Рудько сверлил глазами. Не сразу ответил.
— «Палки» из тебя не выйдет, Сидорин.
— А зачем вот это все тогда? Я бы щас кашу ел да отделение гонял, повышал боевую эффективность!
— А ты думаешь мне с тобой возиться нравится? — поднял бровь Рудько. — Работа такая, Сидорин, странности замечать и писать о них наверх. Мне не важно, кто хорошо воюет, а кто плохо — я отрабатываю странности. Понимаешь?
Вздохнув, я честно ответил:
— Понимаю.
Ничего личного.
— Но все равно неприятно, — добавил я.
— Неприятно, — согласился Рудько. — Я бы тоже сейчас лучше чай пил и настоящими делами занимался. Теми, где все странности объяснимы. Но мне поручено — я работаю.

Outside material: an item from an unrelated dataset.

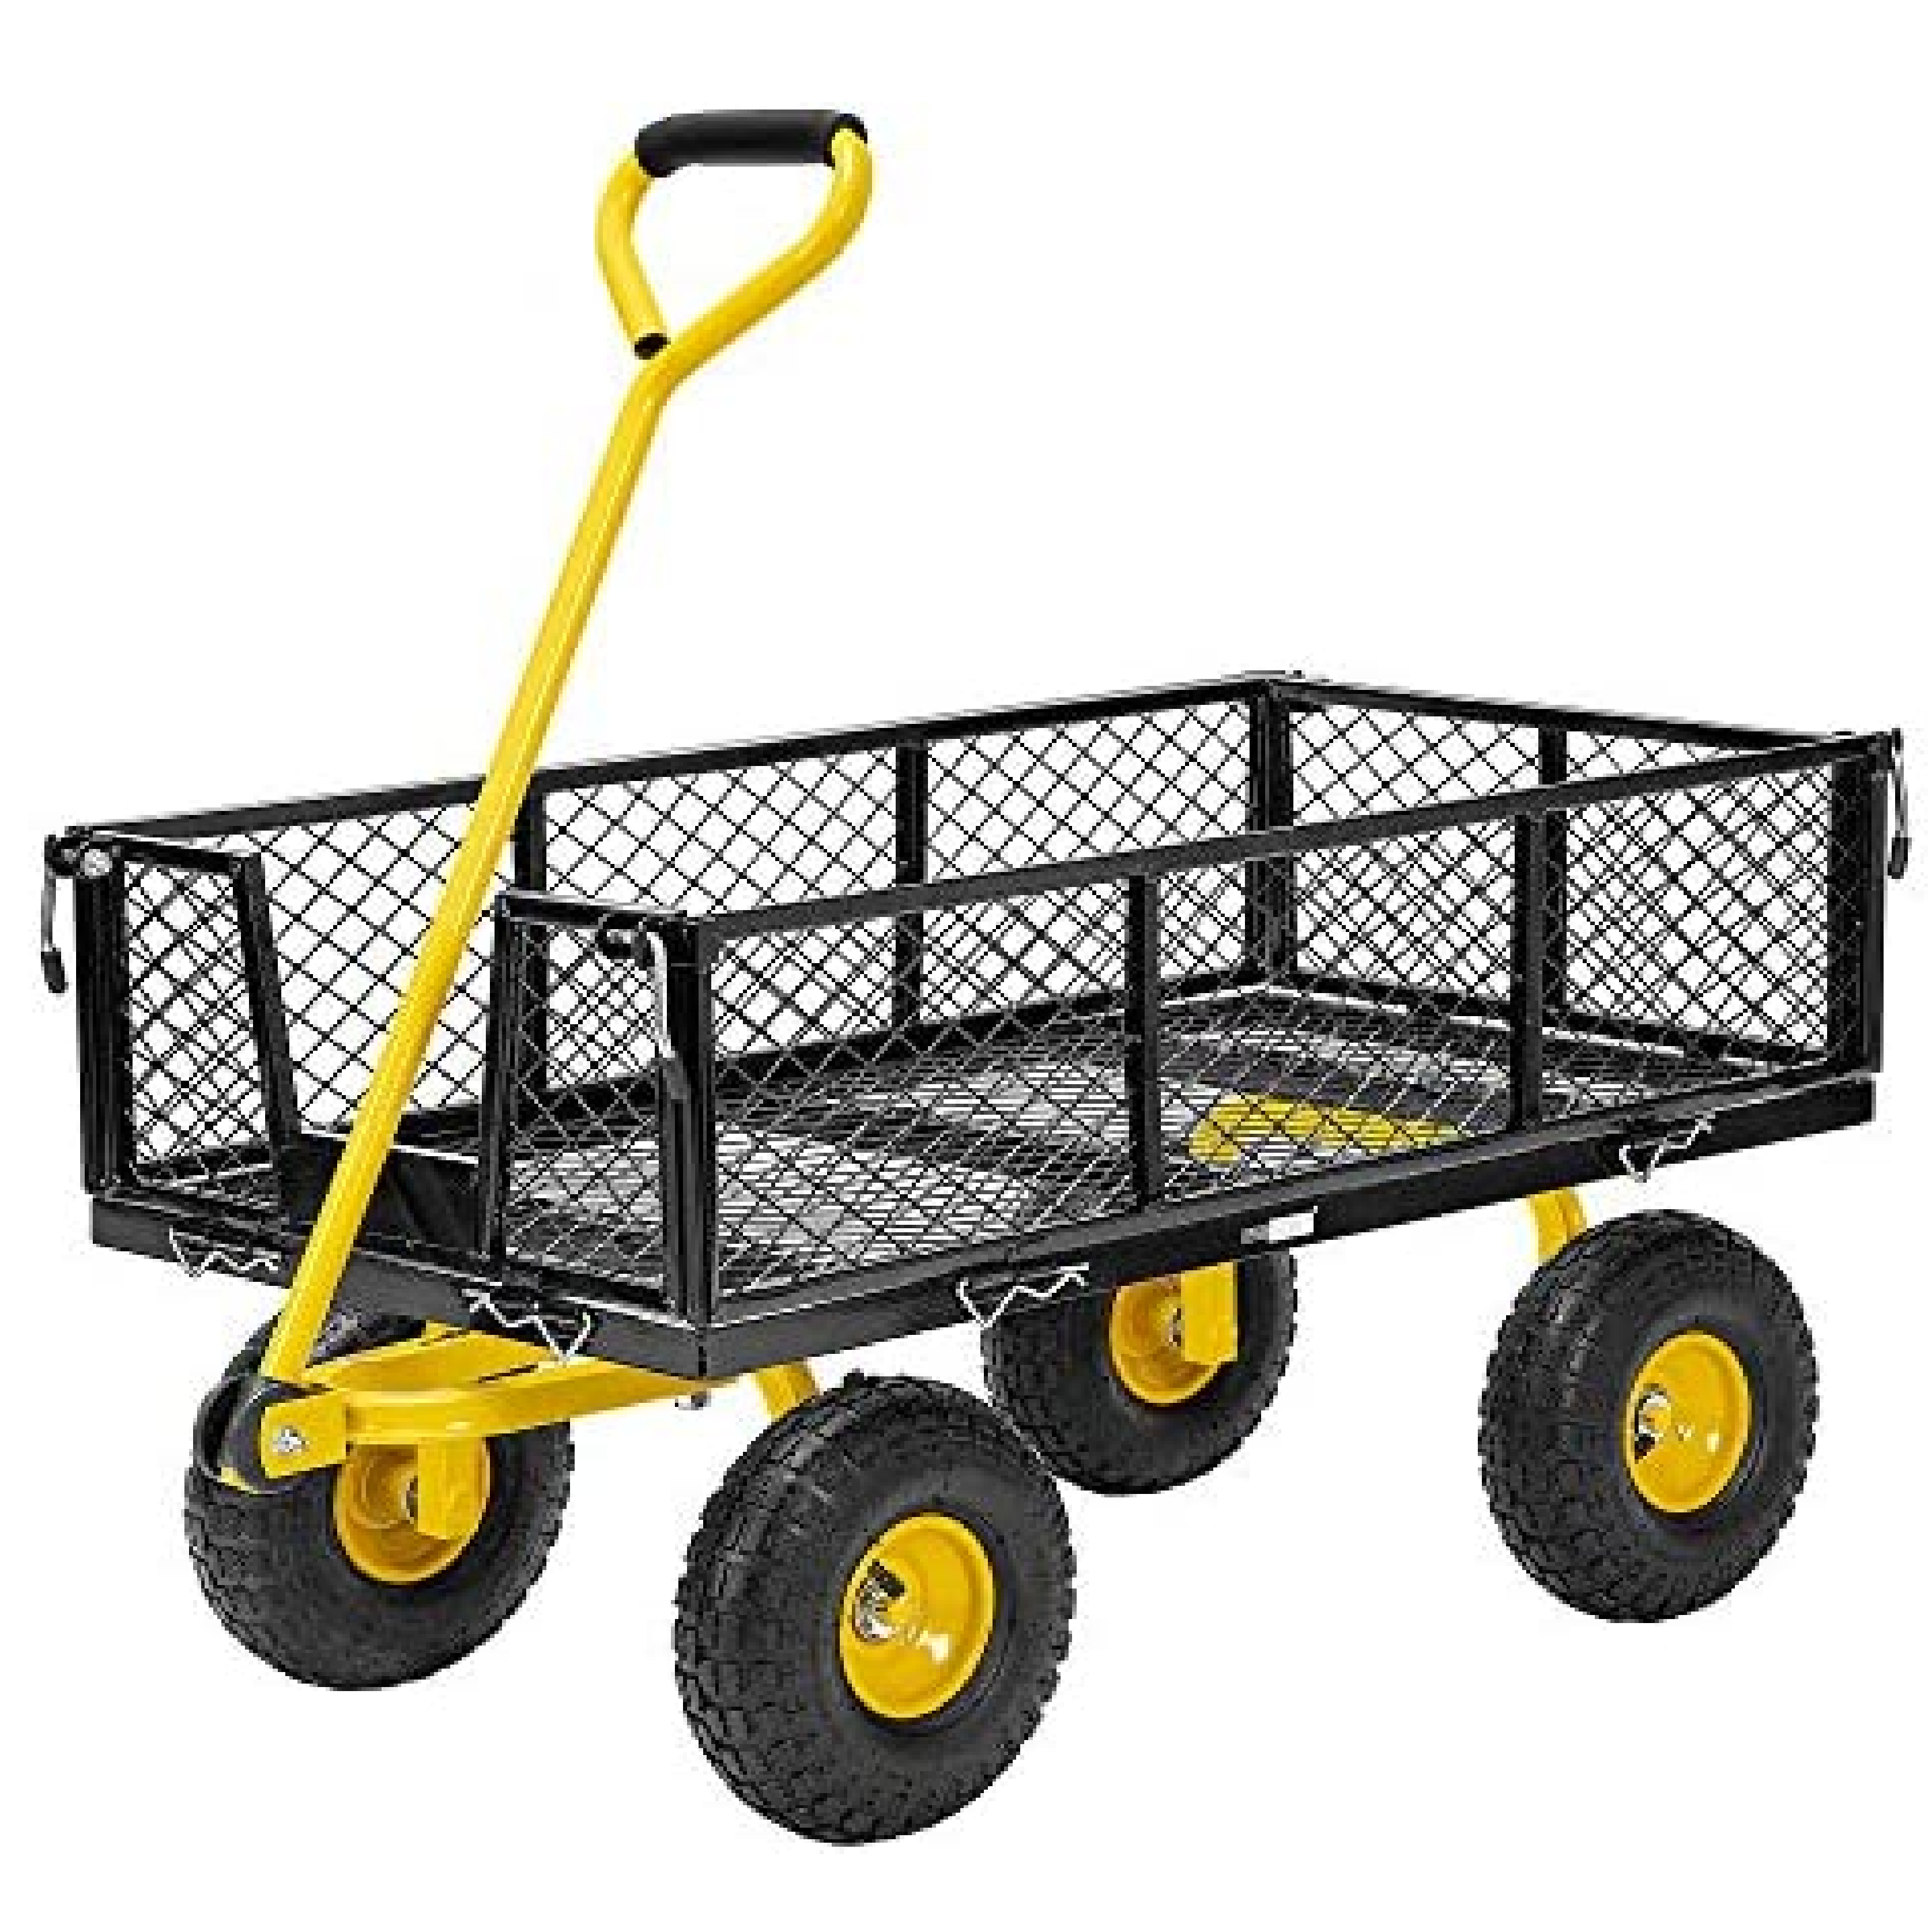 HardwareCity Garden UTILITY STEEL Cart Trolley Heavy Duty 300KG
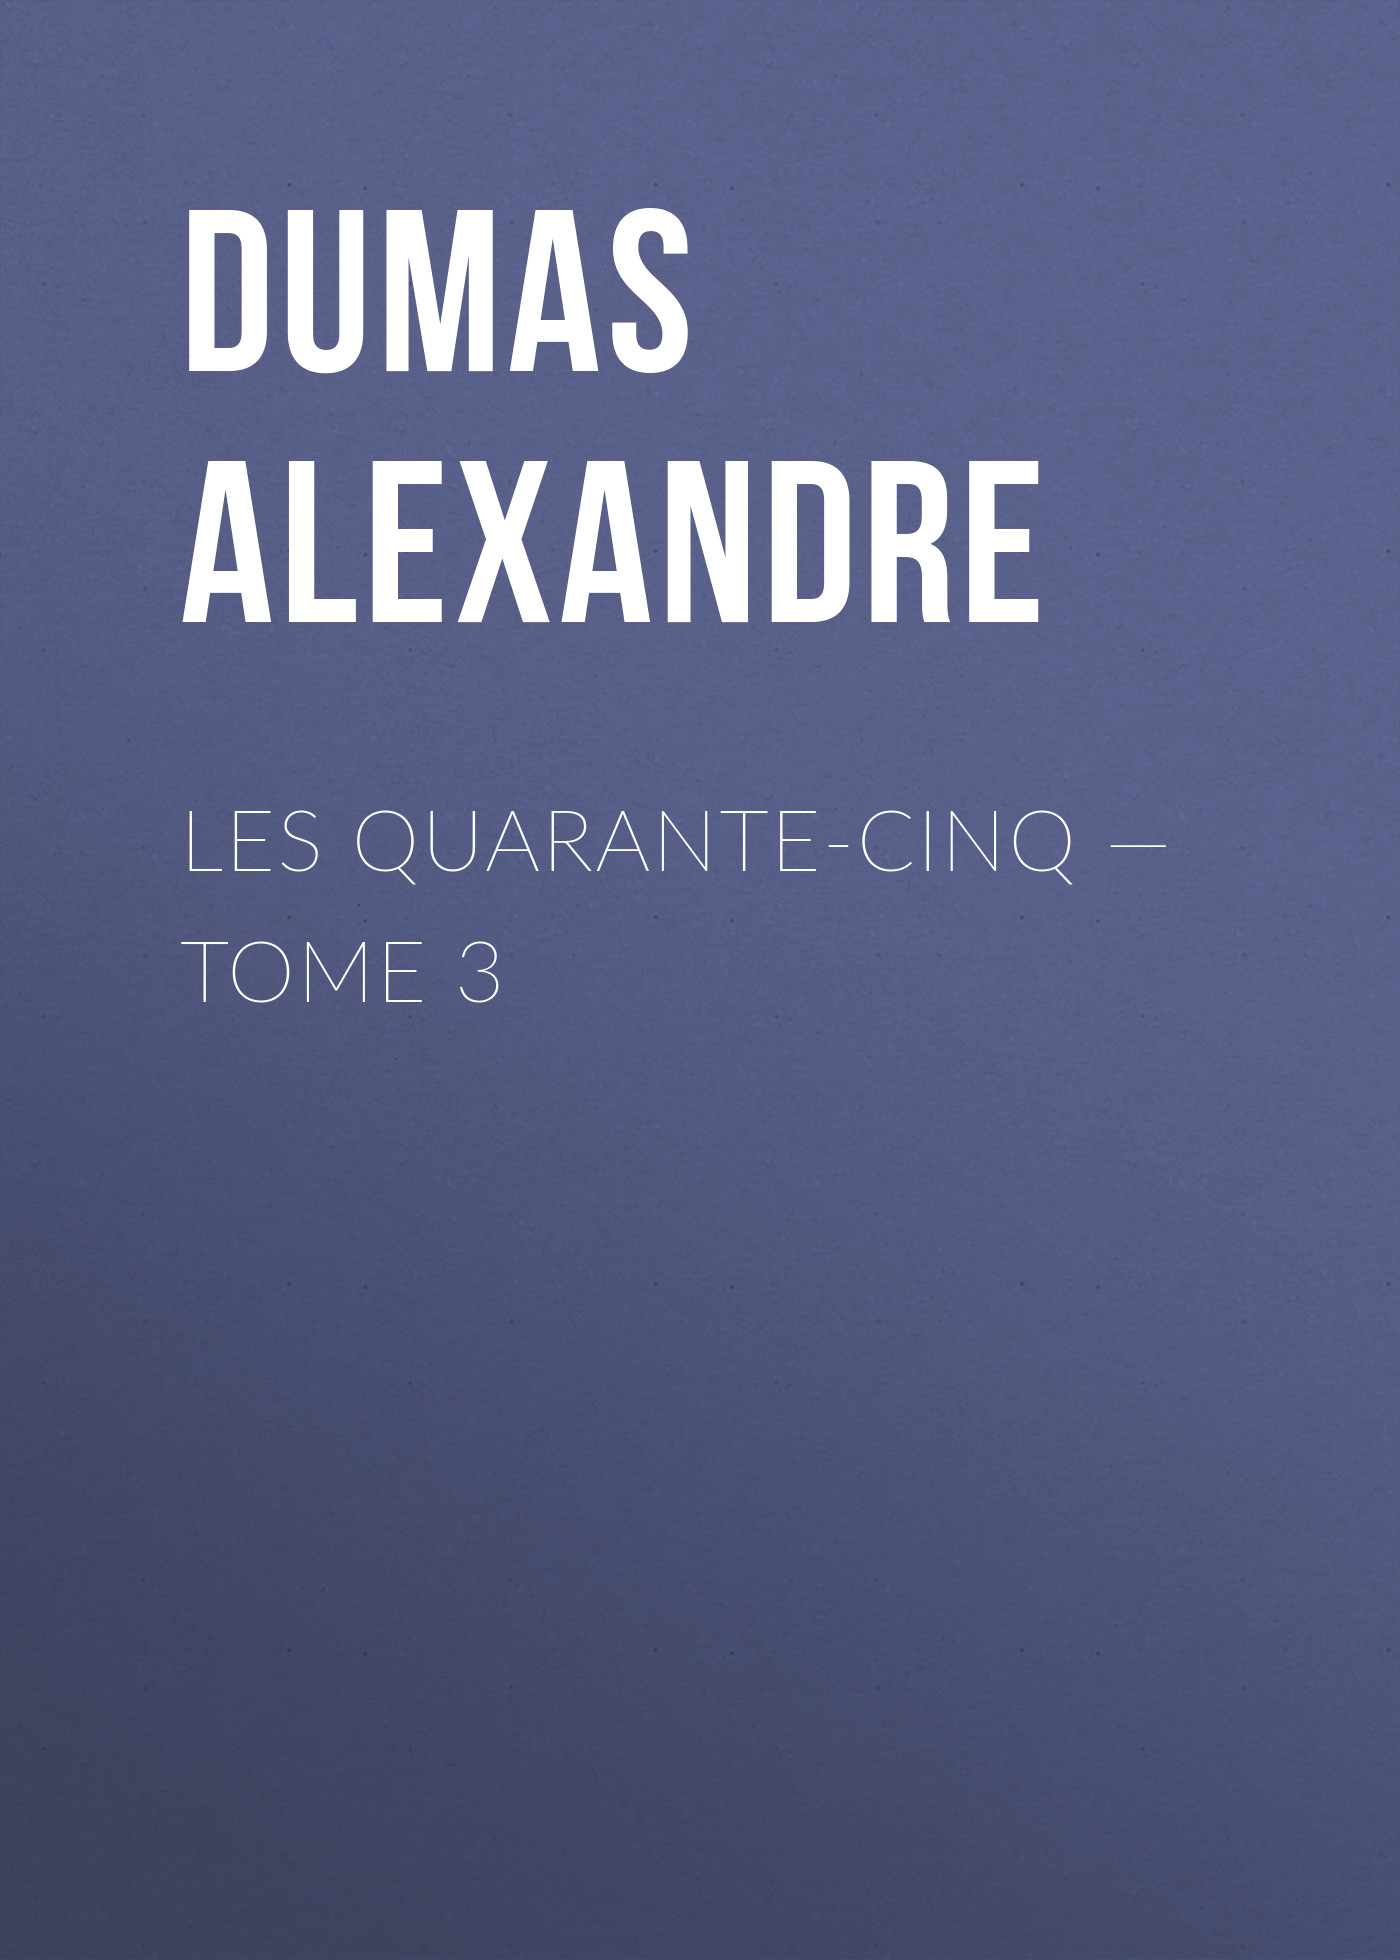 Книга Les Quarante-Cinq – Tome 3 из серии , созданная Alexandre Dumas, может относится к жанру Литература 19 века, Зарубежная старинная литература, Зарубежная классика. Стоимость электронной книги Les Quarante-Cinq – Tome 3 с идентификатором 25203575 составляет 0 руб.

— Так точно, товарищ капитан.
— Сидорин.
— Я.
— По службе к тебе вопросов нет. Командир отделения. Бойцы за тобой идут. Кравченко тебя ценит. Бережной любит. Мальцев — тоже, я слышал. Это всё работает.
— Работает.
— Но запомни, — он наклонился через стол. — Я с тебя глаз не спущу. Не потому что я считаю тебя врагом. А потому, что не понимаю, кто ты. Когда я понимаю — я закрываю папку. Когда не понимаю — я слежу.
— Так точно.
— Если будут вопросы — вызову.
— Так точно.
Он закрыл папку. Положил поверх неё ручку. Откинулся на спинку.
— Иди, Сидорин.
— Слушаюсь.
— И поздравляю с сержантом.
— Спасибо, товарищ капитан.
Я встал, надел пилотку, козырнул, развернулся. Пошёл к двери.
— Сидорин.
— Я.
Я обернулся. Он сидел за столом, смотрел на меня. Глаза — серые, спокойные, не злые. Не добрые тоже. Просто — спокойные.
— Удачи на фронте.
— Спасибо, товарищ капитан.
Я вышел.
В коридоре было светлее, чем внутри. Я постоял минуту, выдохнул, улыбнулся раненому и пошел по лестнице вниз. На улице Калюжный сидел на повозке, разговаривал с возницей. Увидел меня — встал.
— Васько?
— Нормально.
— Точно?
— Точно.
— Поехали?
— Поехали.
Я сел на повозку. Возница тронул. Лошадь медленно потянула нас за ворота, по той же дороге, что и приехали.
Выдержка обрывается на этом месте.